対ホラー系魔物1
町は薄気味悪い靄につつまれていた。
「またか…」
あたり一面は血の海で、何の罪もない男性、女性、男の子供の3人の死体が無惨に転がっていた。
苦しみながら喰われたんだろうか、女性が地面を掻きむしった跡が見つけられた。
魔物はつまり物凄い膂力でこの家族を襲った。
男性と男の子は即死、のたうち回る母親、女性を生きながらにして噛み付き、生き血を飲み、殺して喰ったのだろう。

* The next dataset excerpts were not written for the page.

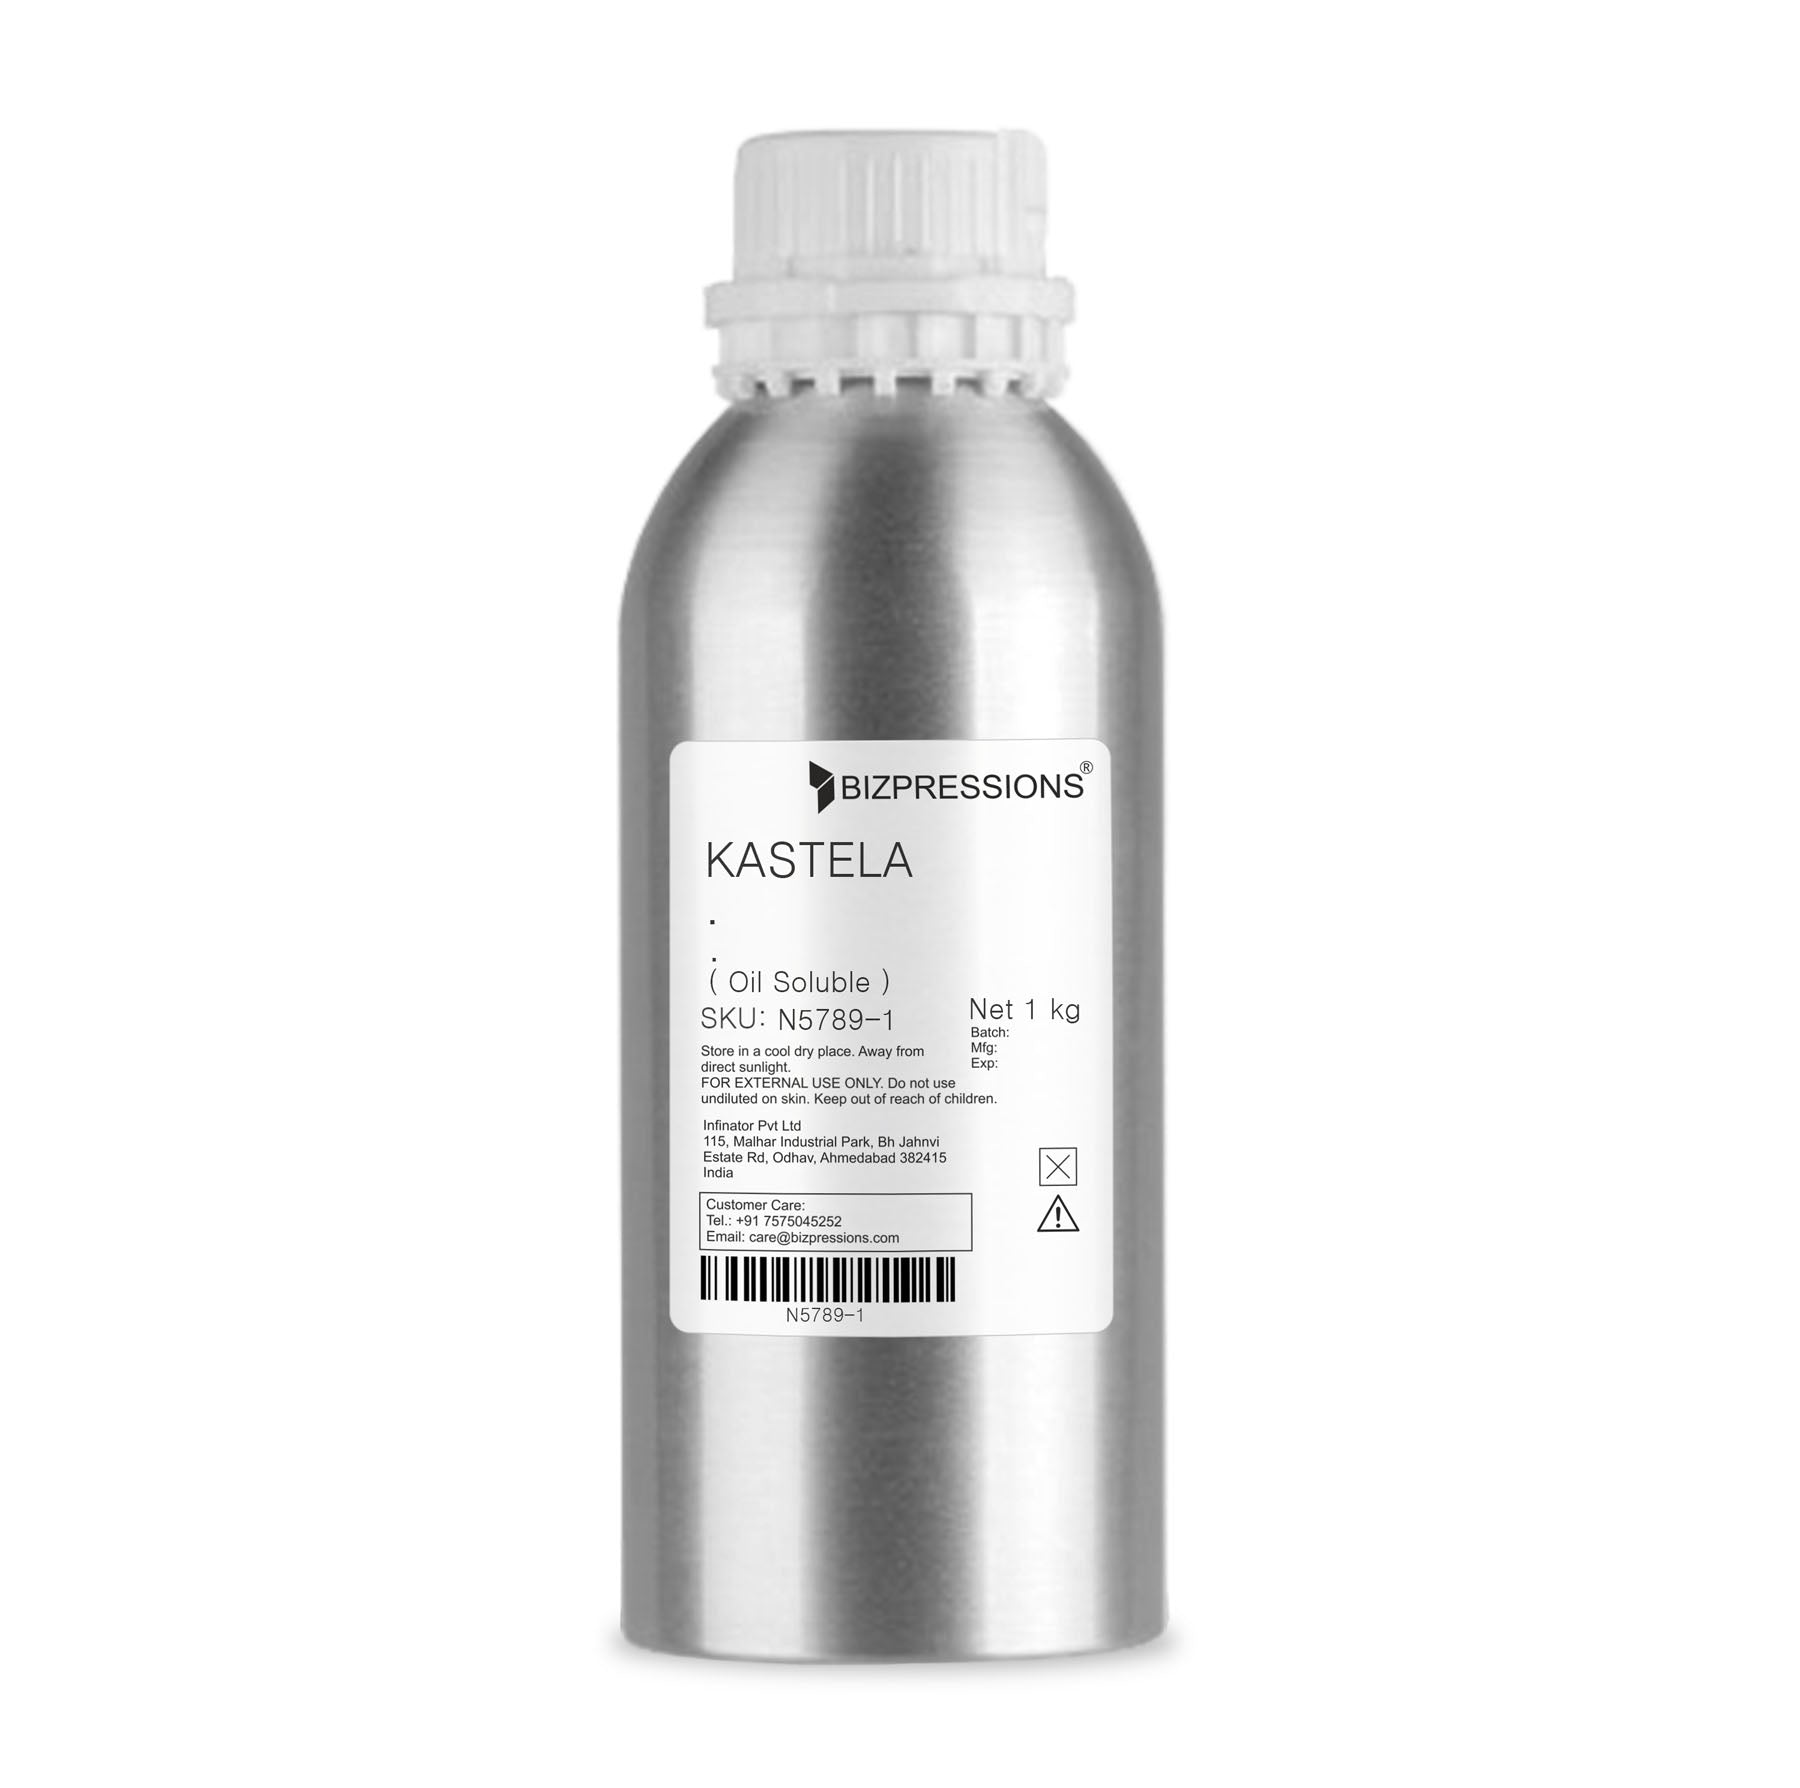 KASTELA - Fragrance ( Oil Soluble ) - 1 kg
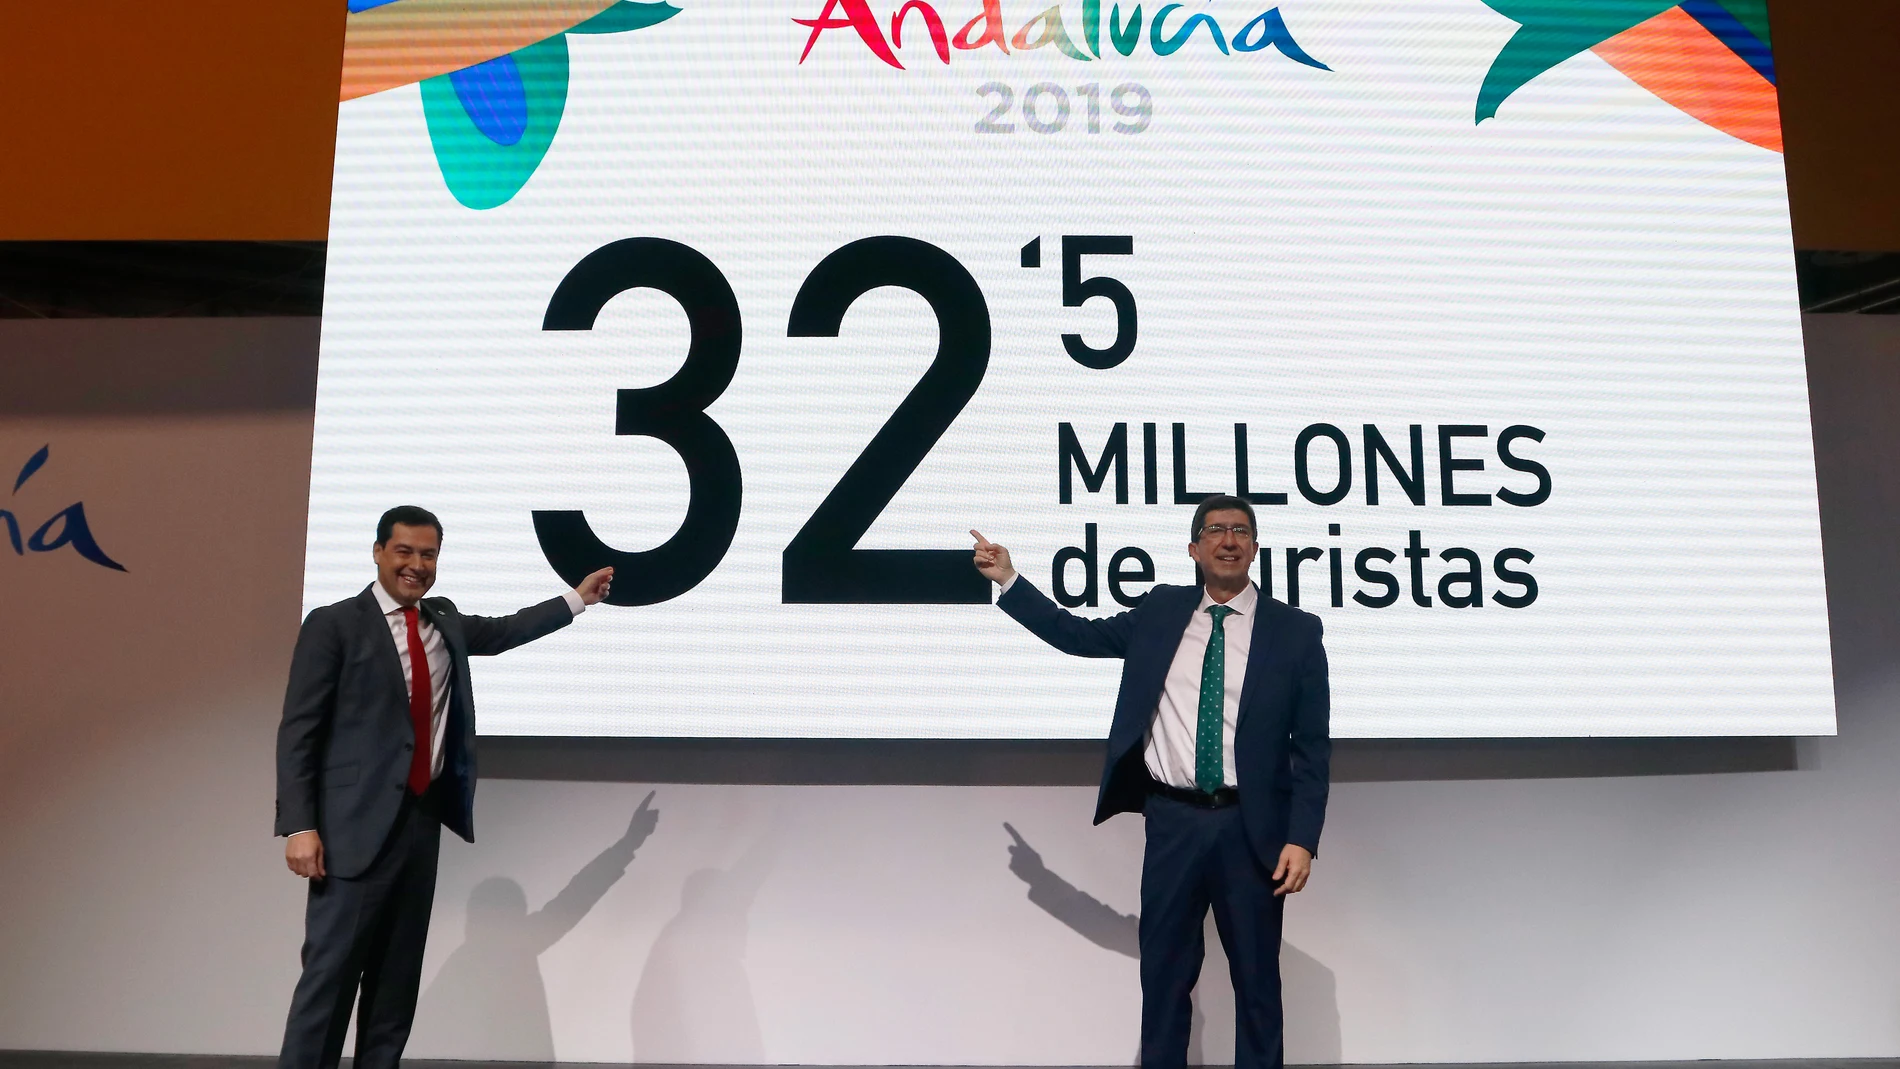 El presidente de la Junta de Andalucía, Juanma Moreno, junto al vicepresidente de la Junta de Andalucía, Juan Marín, durante la visita al pabellón de Andalucía de FITUR 2020, en Madrid
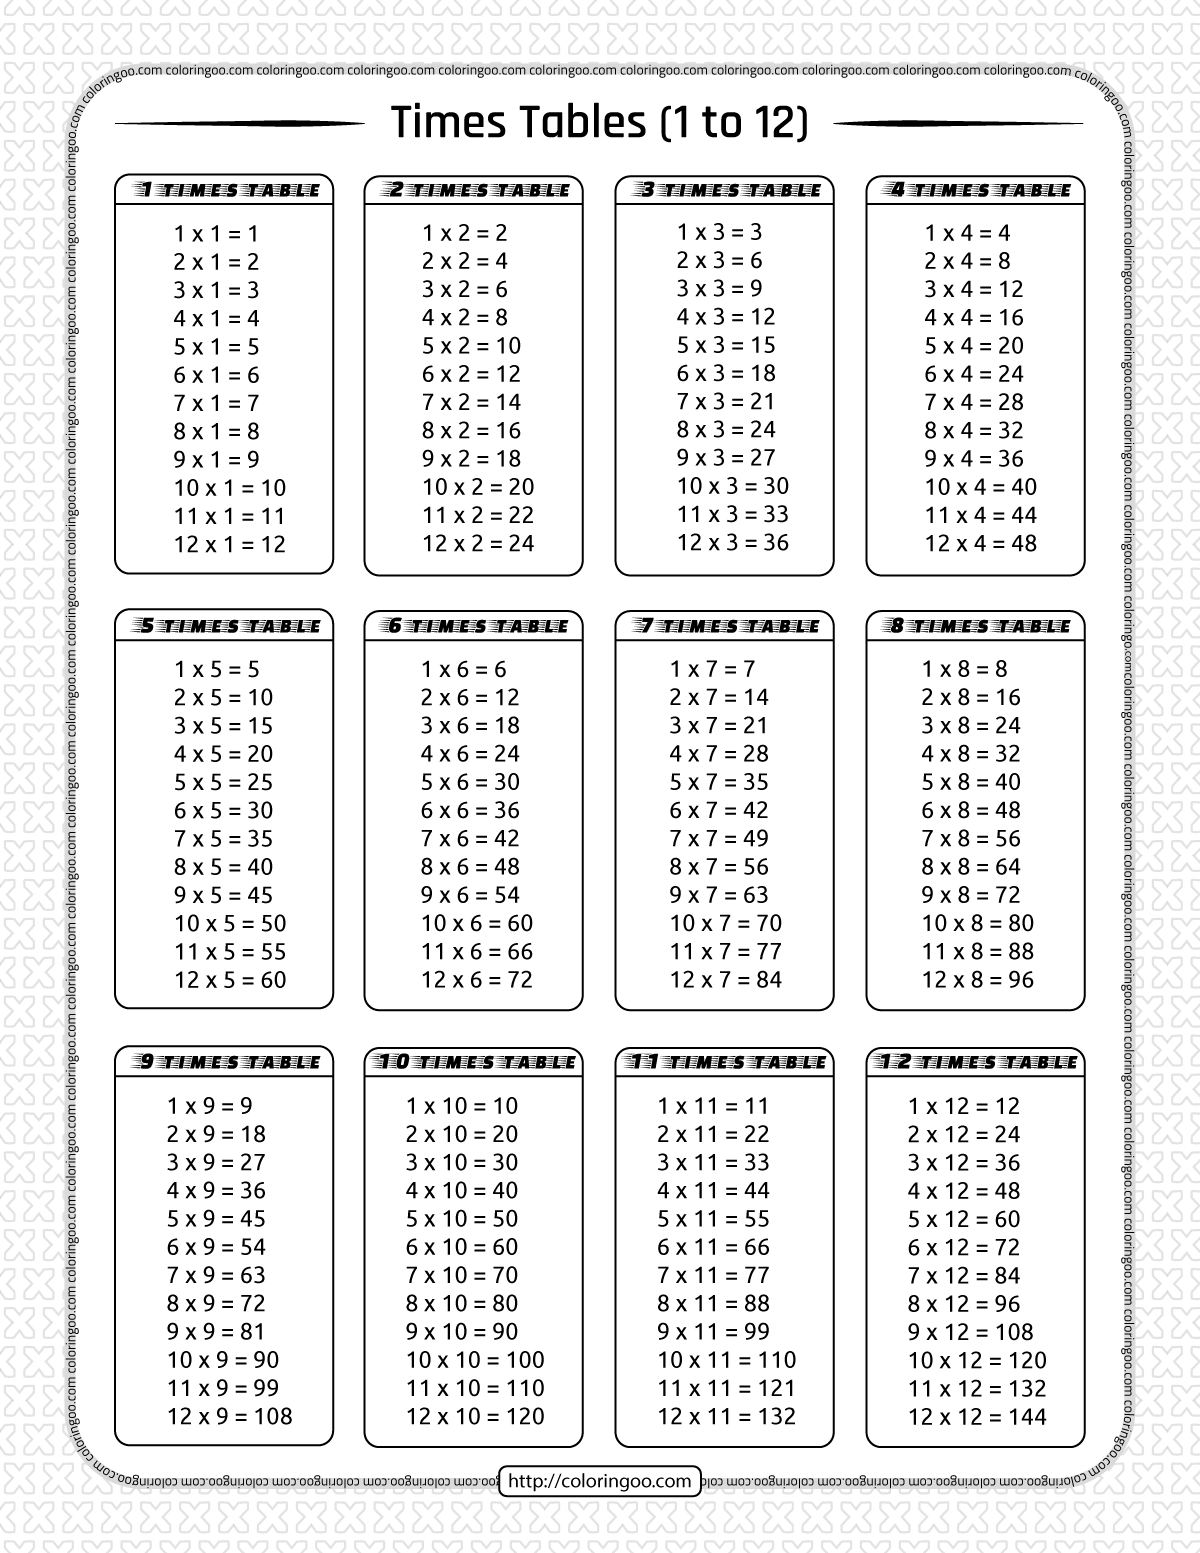 times-table-chart-printable-pdf-comicpole
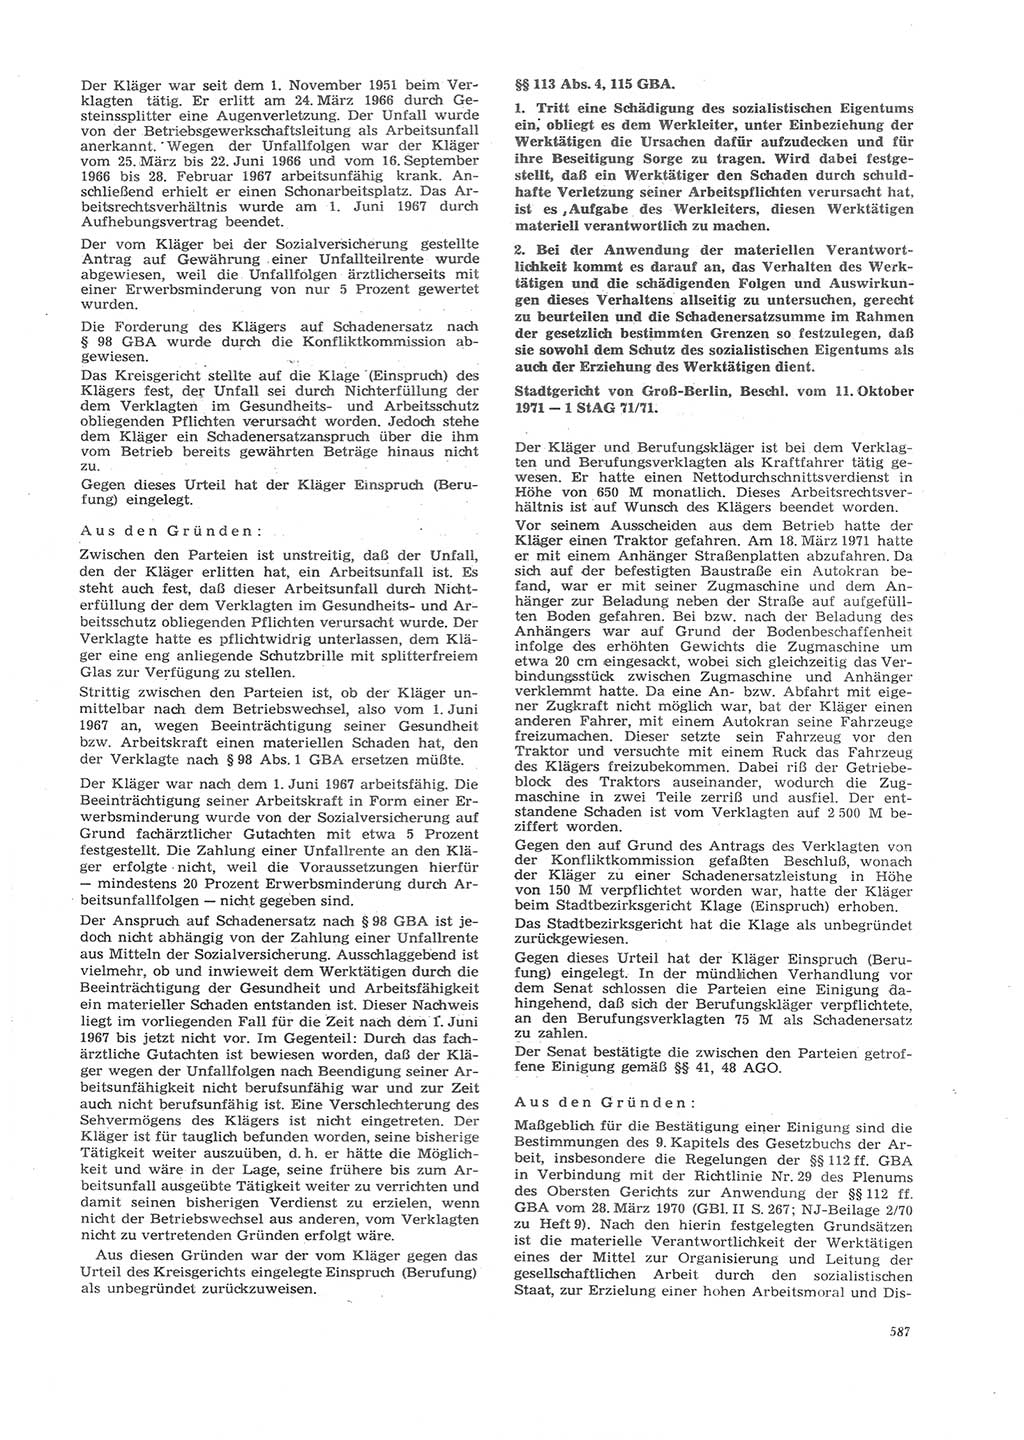 Neue Justiz (NJ), Zeitschrift für Recht und Rechtswissenschaft [Deutsche Demokratische Republik (DDR)], 26. Jahrgang 1972, Seite 587 (NJ DDR 1972, S. 587)

しかし【只のゾンビ】がそれが出来るとは考えられない、霊体化出来る強い…、
【ホラー系のゾンビ】
の仕業に違いはなかった…。
今「またか」と言った【騎士団の剣士】は【警察】の変わりに事態の検証を任されていた…。
しかし、いくら【騎士】と言っても霊体を、剣だけで斬れはしないのが普通ではある、この場合【化学】の助力が必要不可欠である、
いくら【騎士】が【鉄をも砕ける】としても、それは勿論【素手】であり、
刀剣でではない、それが普通である、
もっと言えば【戦車】の導入が不可欠ではあった。
しかし【正規軍】の建物までは遠いし、今その【魔物】が来たら騎士は正に死ぬだろう。
「危ねえ!しゃがめ!」
騎士は頭を掴まれた。低い体制に成る、で後ろに蹴り飛ばされた。
刹那、コンクリートの壁は霊体ゾンビの一撃でバラバラに砕けていた。
「き、君は…、か、壁が…」
助けたのは正に【日本人】と言った見た目の少年で、十二歳ほどの年齢、
「あ〜、また雑魚か?違うのか?」
「き、君は誰だ?騎士団の団員じゃないな?」「下がってろオッサン」
事もあろうに黒髪の少年はホラー系のゾンビに日本刀を振り下ろした。
「何をやってる!そいつには素手しか通用はせん!」
だが、ズバッ!
!!!…まさか、ゾンビは一瞬怯んでジャンプして下がった。
少年が言う。
「この魔法の日本刀、【孫八】はな?わけのわからねえ物質で出来てんだ、霊体に通用するって、ワケだよ」
騎士が驚愕する、「化学では考えられない事だ!そんな馬鹿な!?」
「この惨事は何だ?俺は【魔人ムシン】ってんだ」
街が霞んでゆく…、死が迫ってゆく
ゾンビは霊体化して、上空から魔人ムシンに狙いを定めた。